Label-Free Analysis of Binding and Inhibition of SARS-Cov-19 Spike Proteins to ACE2 Receptor with ACE2-Derived Peptides by Surface Plasmon Resonance

Abstract

SARS-CoV-2 has been shown to enter and infect human cells via interactions between spike protein (S glycoprotein) and angiotensin-converting enzyme 2 (ACE2). As such, it may be possible to suppress the infection of the virus via the blocking of this binding interaction through the use of specific peptides that can mimic the human ACE 2 peptidase domain (PD) α 1-helix. Herein, we report the use of competitive assays along with surface plasmon resonance (SPR) to investigate the effect of peptide sequence and length on spike protein inhibition. The characterization of these binding interactions helps us understand the mechanisms behind peptide-based viral blockage and develop SPR methodologies to quickly screen disease inhibitors. This work not only helps further our understanding of the important biological interactions involved in viral inhibition but will also aid in future studies that focus on the development of therapeutics and drug options. Two peptides of different sequence lengths, [30-42] and [22-44], based on the α 1-helix of ACE2 PD were selected for this fundamental investigation. In addition to characterizing their inhibitory behavior, we also identified the critical amino acid residues of the RBD/ACE2-derived peptides by combining experimental results and molecular docking modeling. While both investigated peptides were found to effectively block the RBD residues known to bind to ACE2 PD, our investigation showed that the shorter peptide was able to reach a maximal inhibition at lower concentrations. These inhibition results matched with molecular docking models and indicated that peptide length and composition are key in the development of an effective peptide for inhibiting biophysical interactions. The work presented here emphasizes the importance of inhibition screening and modeling, as longer peptides are not always more effective.
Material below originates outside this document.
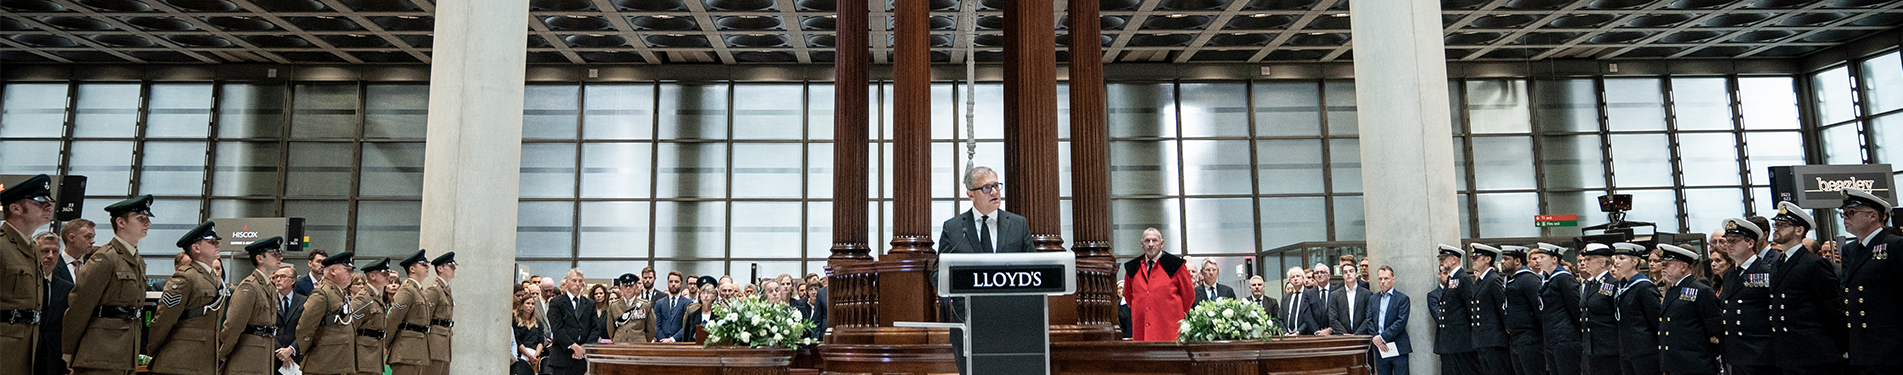 The Lloyd's Chairman addressing the Underwriting Room

Keywords: COVID-19; SARS-CoV-2; biosensing; molecular docking; peptide inhibitors; surface plasmon resonance.

Figure 1.

(A) Schematic of the competitive assay. (B) Relative location of [30–42] peptide (purple) and [22–44] peptide (tan) corresponding to PDB ID: 6m0j

Figure 2.

Evaluation of blocking efficiency of the ACE2-derived peptides to the S-protein using competitive SPR. A) Specific binding measured for the S-protein on the surface with ACE2. B) SPR sensorgrams with [22–44] peptide. C) The change of SPR binding signal as a function of peptide cocentration. D) SPR sensorgrams with [30–42] peptide.

Figure 3.

A) and B) Dose-dependent blocking of the S-protein with [22–44] and [30–42] peptides. C) structural alignment of both the docked result of the peptide/RBD complex and the α 1 helix/RBD complex, constructed from the ACE2/RBD complex (PDB ID 6m0j).

Figure 4.

An illustration of the interacting interface of the SARS-CoV-2 receptor-binding domain (RBD) (cyan) and hACE2 (green) from PDB-ID: 6M0J. The key interacting residues are shown in close-up as insets. The table shows the interacting residues within a 3A° region analyzed using the PyMOL tool.

Figure 5.

Interaction of the A) [22–44] peptide B) [30–42] peptide (pink) with the SARS-CoV-2 receptor-binding domain (RBD) (gray). Molecular docking complex obtained with PachDock. The key interacting residues are shown in close-up as insets. The table shows the interacting residues within a 3A° region analyzed using the PyMOL tool.